Material provided ▸
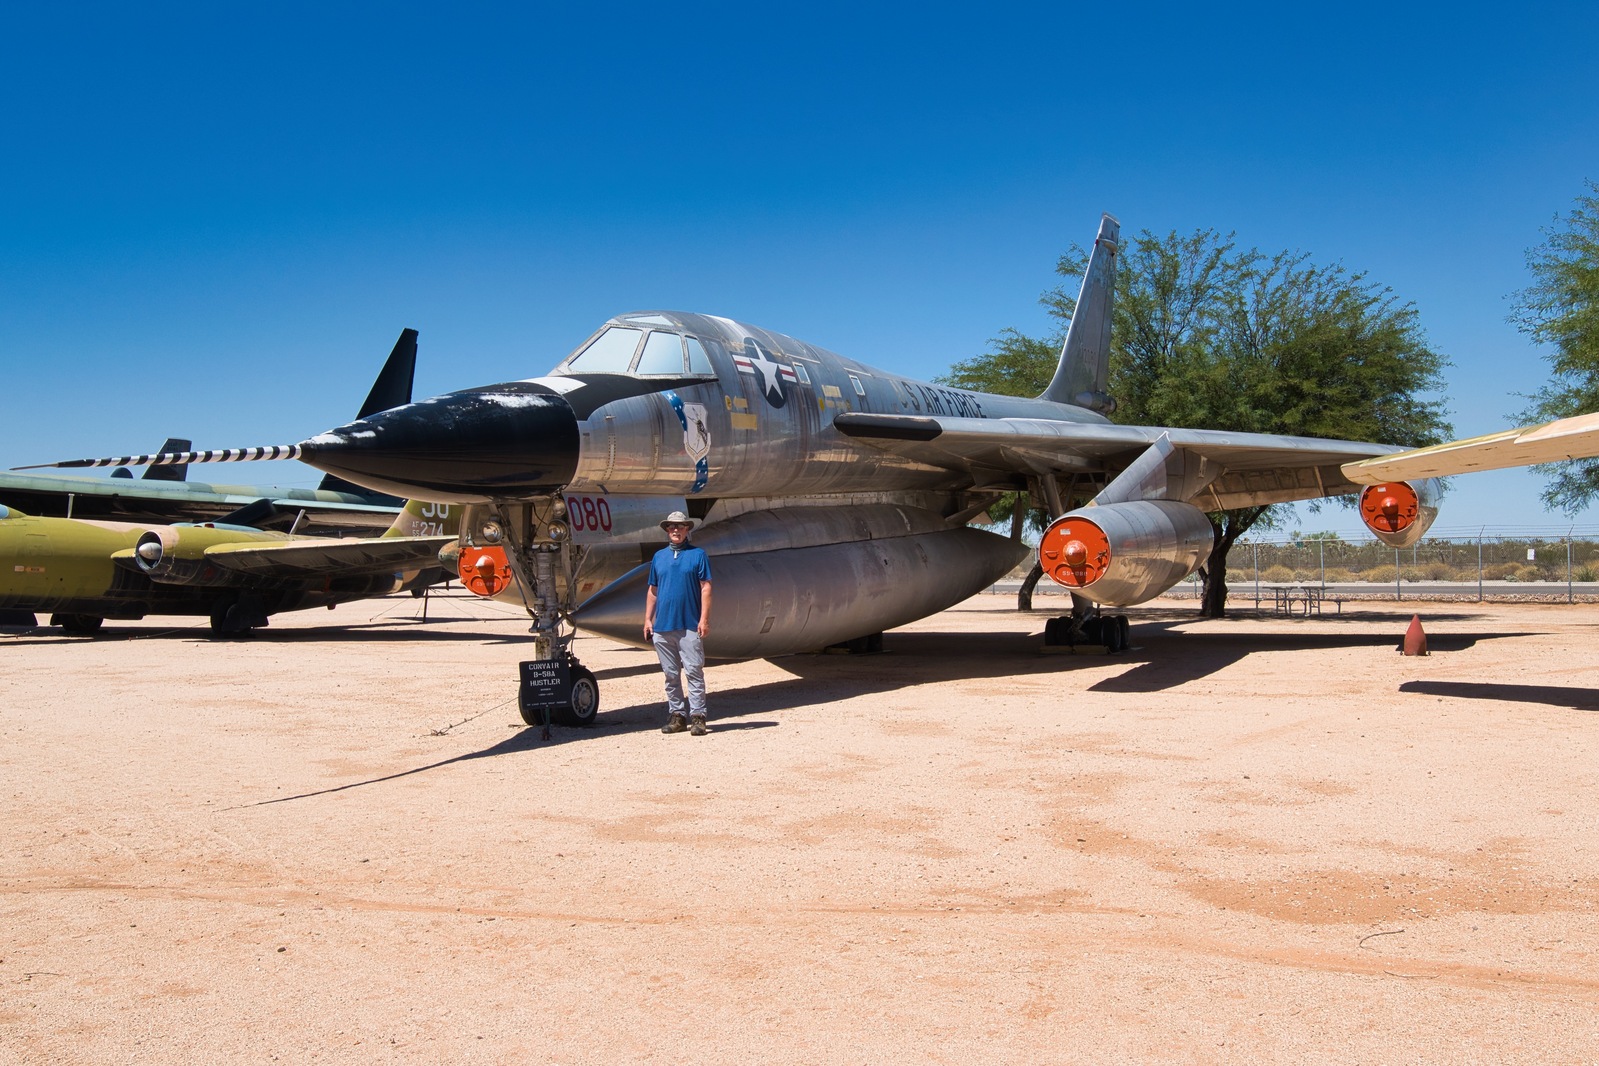 Image of Pima Air Museum by Steve West
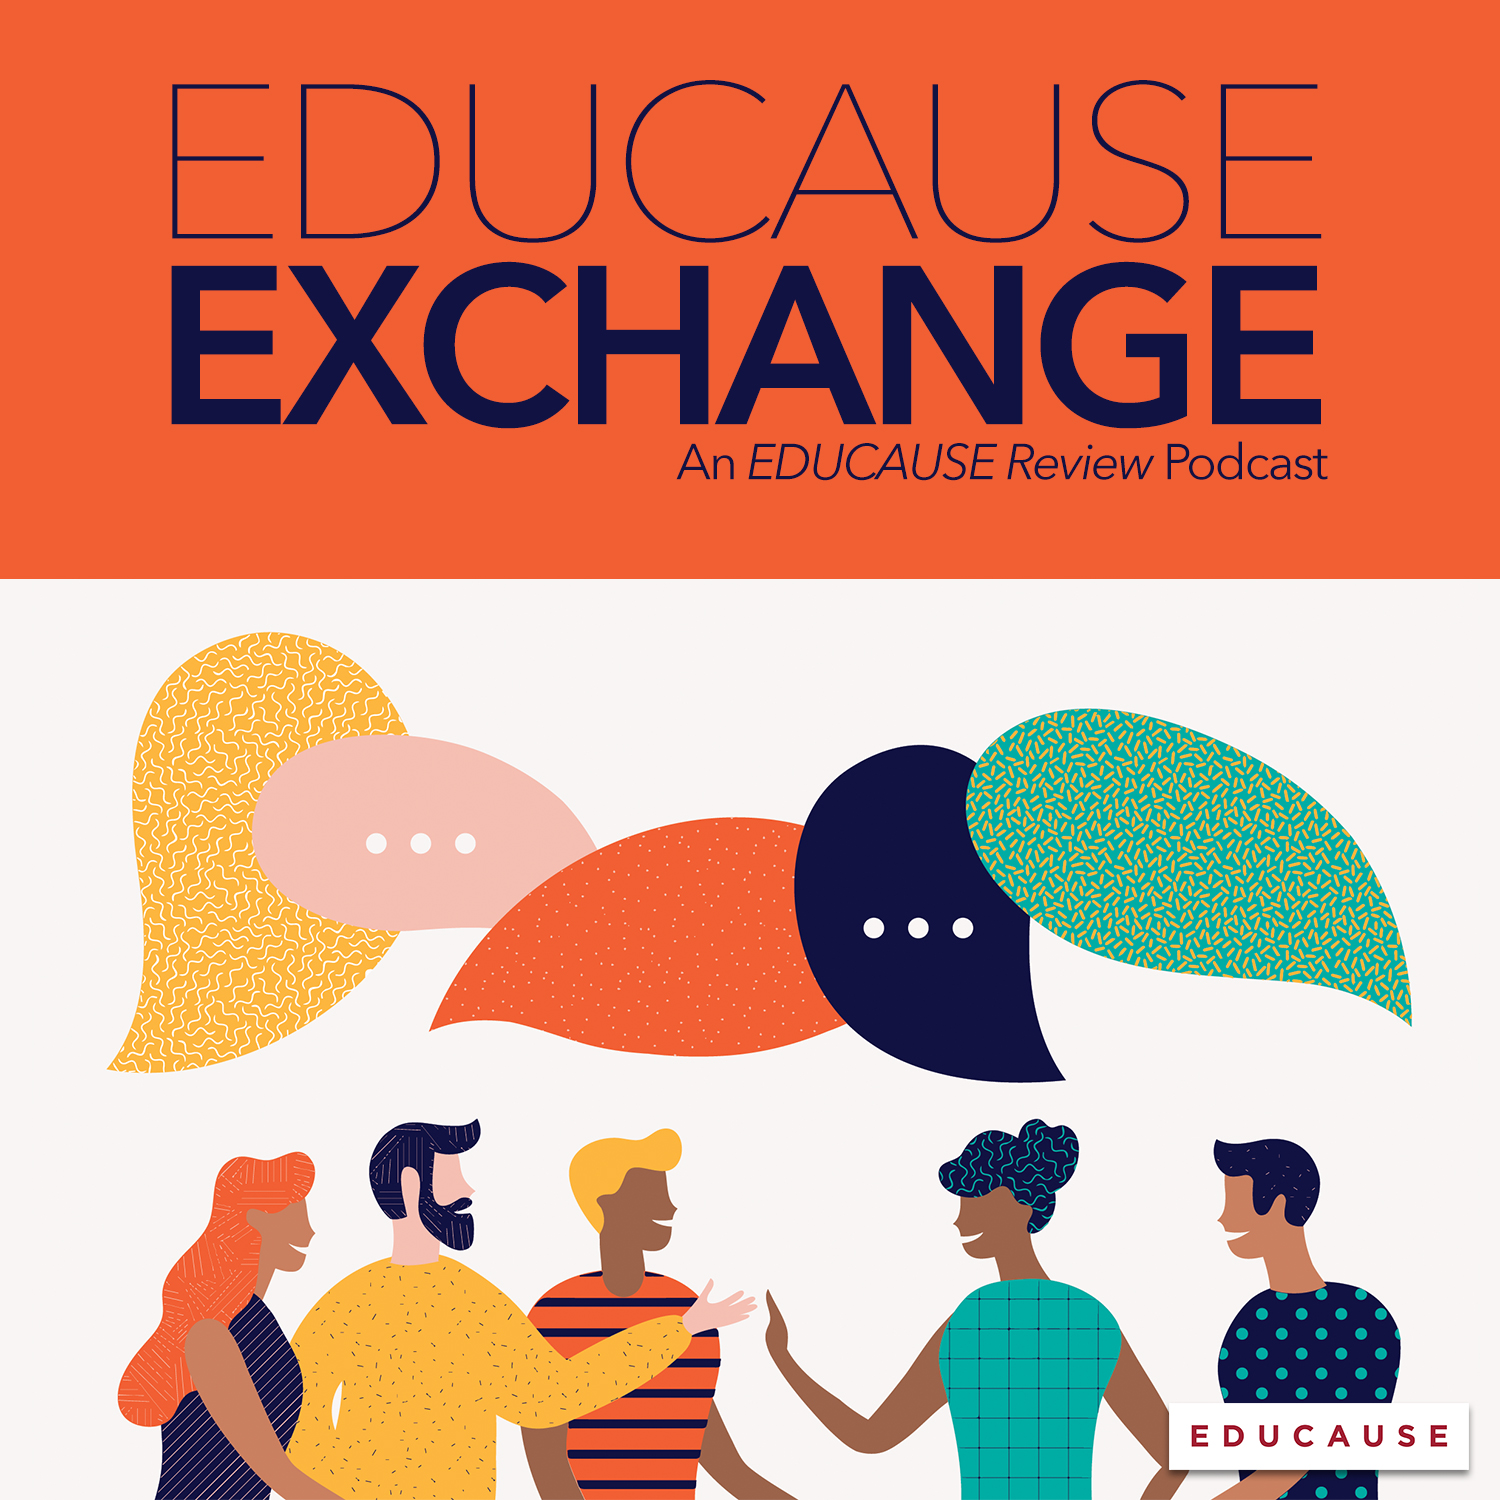 EDUCAUSE Exchange | An EDUCAUSE Review Podcast | Artwork with illustrations of people in conversation
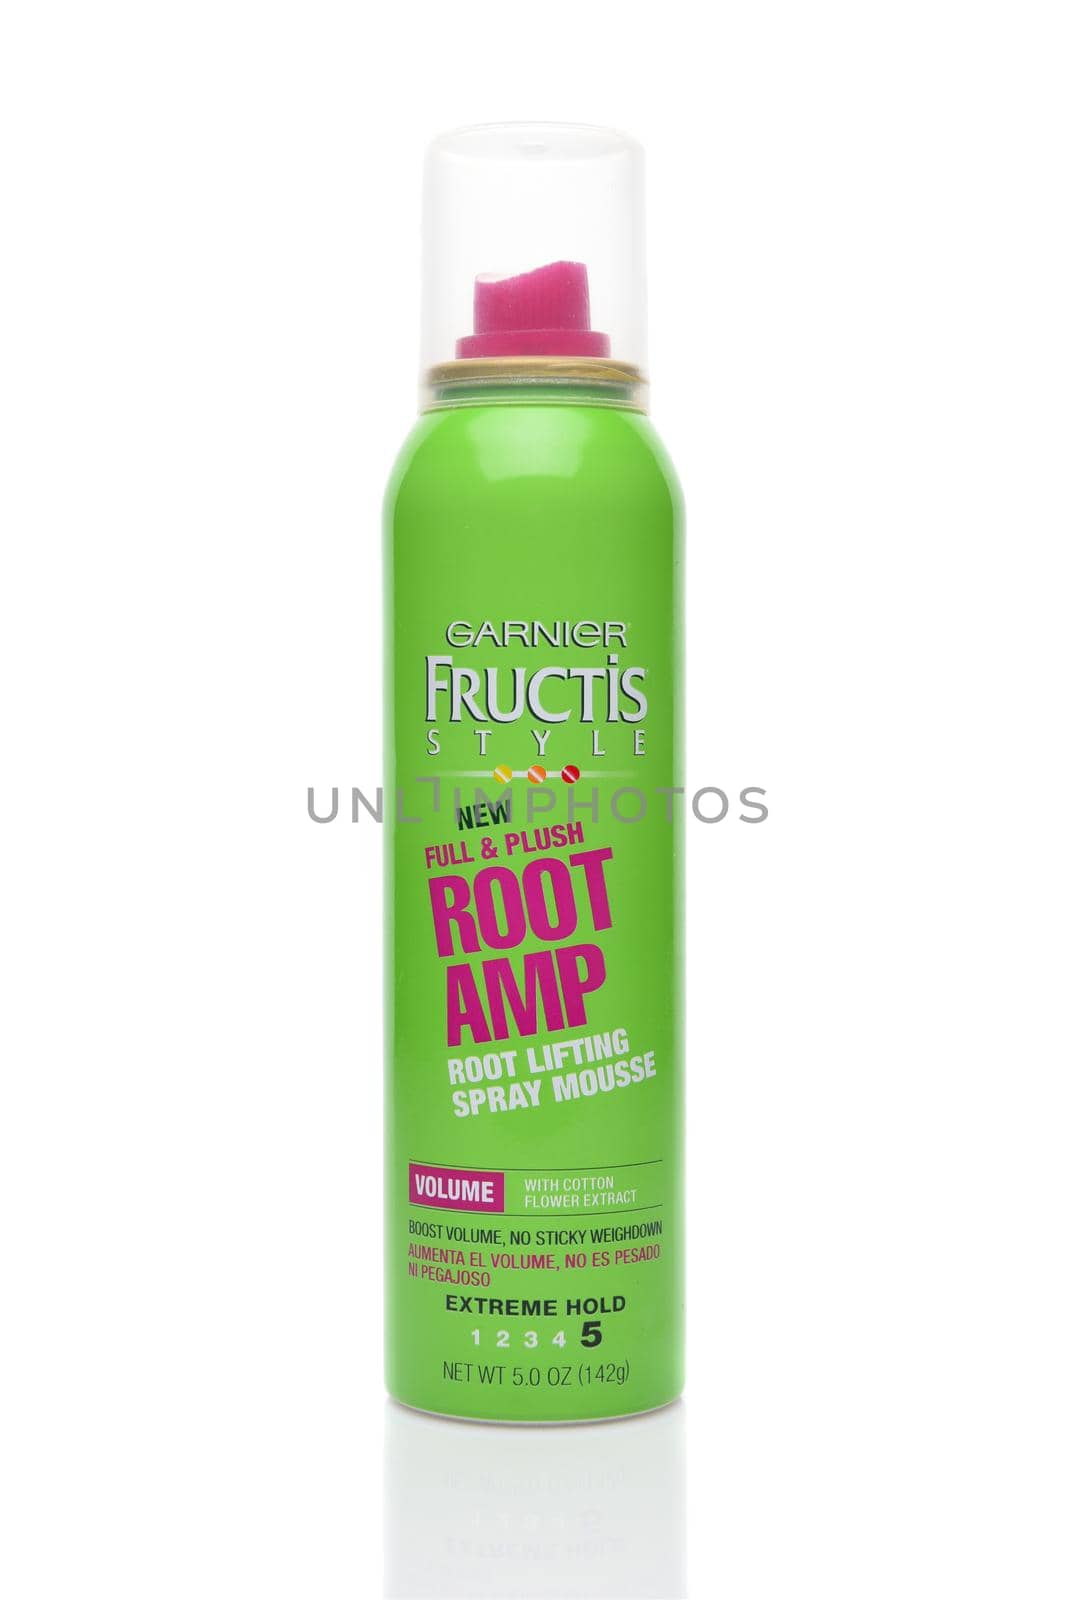 IRVINE, CALIFORNIA - AUGUST 20, 2019: A 5 ounce can of Garnier Fructis Root Amp Spray Mousse.  by sCukrov

Task to complete ▸ Output a verbatim copy of the lines from the line containing "EDUCAUSE Exchange |" through the end of the data, both included, without any images.

Worked solution ▸
 EDUCAUSE Exchange | An EDUCAUSE Review Podcast | Artwork with illustrations of people in conversation
 IRVINE, CALIFORNIA - AUGUST 20, 2019: A 5 ounce can of Garnier Fructis Root Amp Spray Mousse.  by sCukrov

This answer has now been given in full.